Asylum

ASYLUM APPLICATIONS

Asylum may be given to persons who are already residing in the United States and are unable or unwilling to return to their native country because of persecution or a well-founded fear of persecution on account of nationality, religion, political opinion, race or membership in a particular social group. If you are granted asylum, you will be allowed to live and work in the United States. Moreover, you will be able to apply for permanent resident status one year from the date you are granted asylum.

When you apply for political asylum, the petition may include your spouse and any unmarried children that are under the age of 21 as long as your spouse or children are in the United States. If your spouse or children happen to be outside of the United States they may be eligible to apply for derivative status.

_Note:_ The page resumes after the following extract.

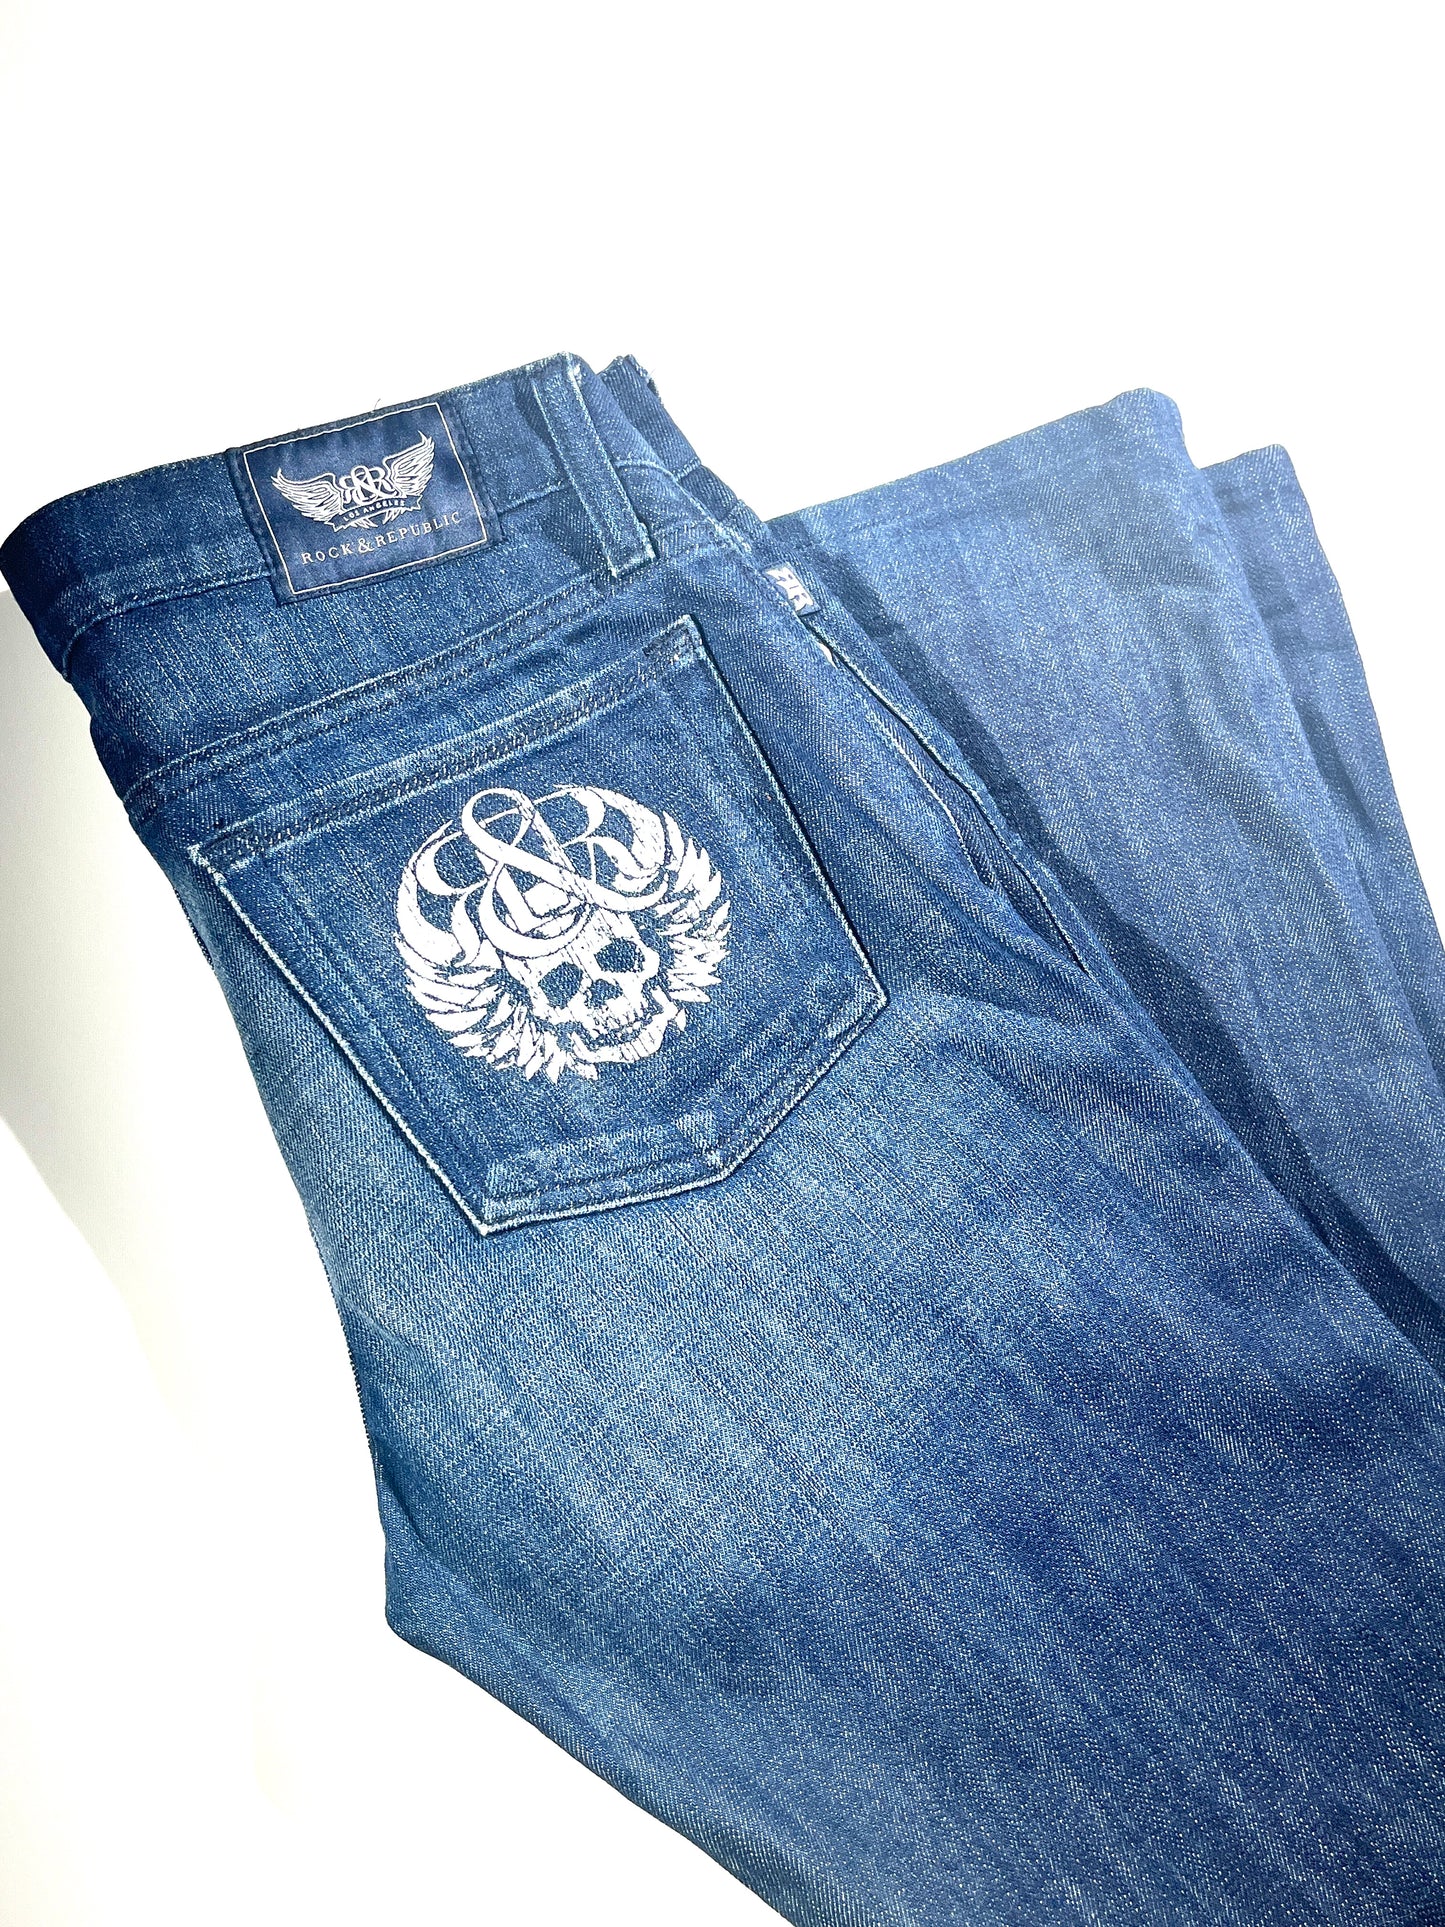 Vintage Rock & Republic Jeans Denim Bottoms
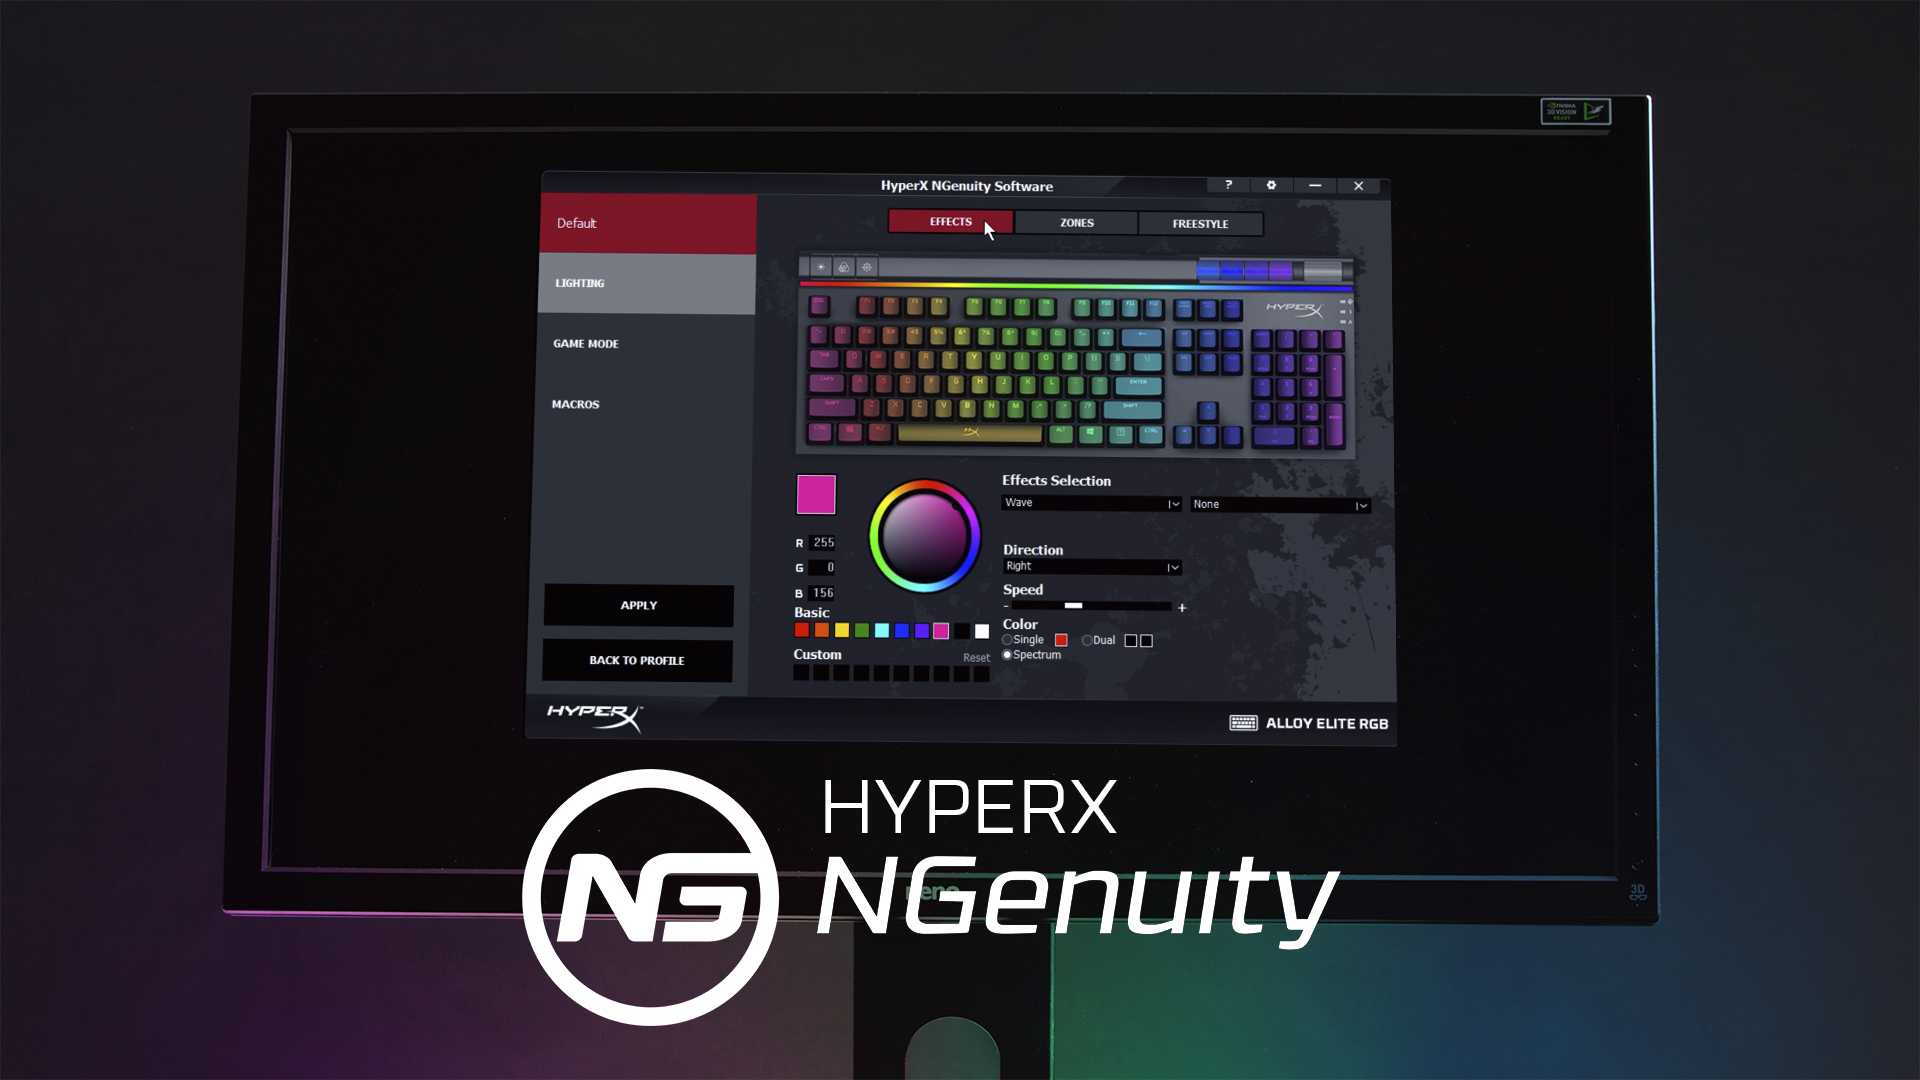 Personaliza tu Alloy Elite RGB con el software HyperX NGenuity

Refugee status and asylum status are two legal conditions that are closely related. The only difference between the two is the place where a person requests for the status. Asylum is asked for in the United States; refugee status is asked for outside of the United States. However, all people who are granted asylum must meet the definition of a refugee.


In order a person to be eligible for asylum in the United States, you must ask for asylum at a port-of-entry (airport, seaport or border crossing), or file an application within one year of your arrival to the United States. You may ask later than one year if conditions in your country have changed or if your personal circumstances have changed within the past year prior to you’re asking for asylum, and those changes of circumstances affected your eligibility for asylum. Additionaly you may well also be excused from the one year deadline if an extraordinary circumstance has prevented you from filing within the one year period after your arrival, so long as you apply within a reasonable time given those circumstances.

An application for asylum may be filed regardless of the immigration status you have, this means that you may apply for asylum even if you are illegally in the United States.

Furthermore, you must qualify for asylum under the definition of a refugee. Your eligibility will be based on the information you provide on your application and during an interview with an Immigration Judge or Asylum Officer. If you have been placed in removal (deportation) proceedings in Immigration Court, an Immigration Judge will hear you case and make a decision about your legal status in the United States. If you have not been placed in removal proceedings and apply with the INS, an Asylum Officer will interview you and decide whether you are eligible for asylum. Asylum Officers will grant asylum, deny asylum or refer the case to an Immigration Judge for a final decision. If an Asylum Officer decides that you are not eligible for asylum and you are in the United States illegally, the Asylum Officer will then place you in removal proceedings and refer your application to an Immigration Judge for a final decision. Immigration Judges may also decide on removal if an applicant is found ineligible for asylum and is illegally in the United States. If you are in valid immigrant or nonimmigrant status and the Asylum Officer finds that you are not eligible for asylum, the Asylum Officer will send you a notice explaining that the INS intends to deny your request for asylum. You will be given an opportunity to respond to that notice before a decision is made on your application.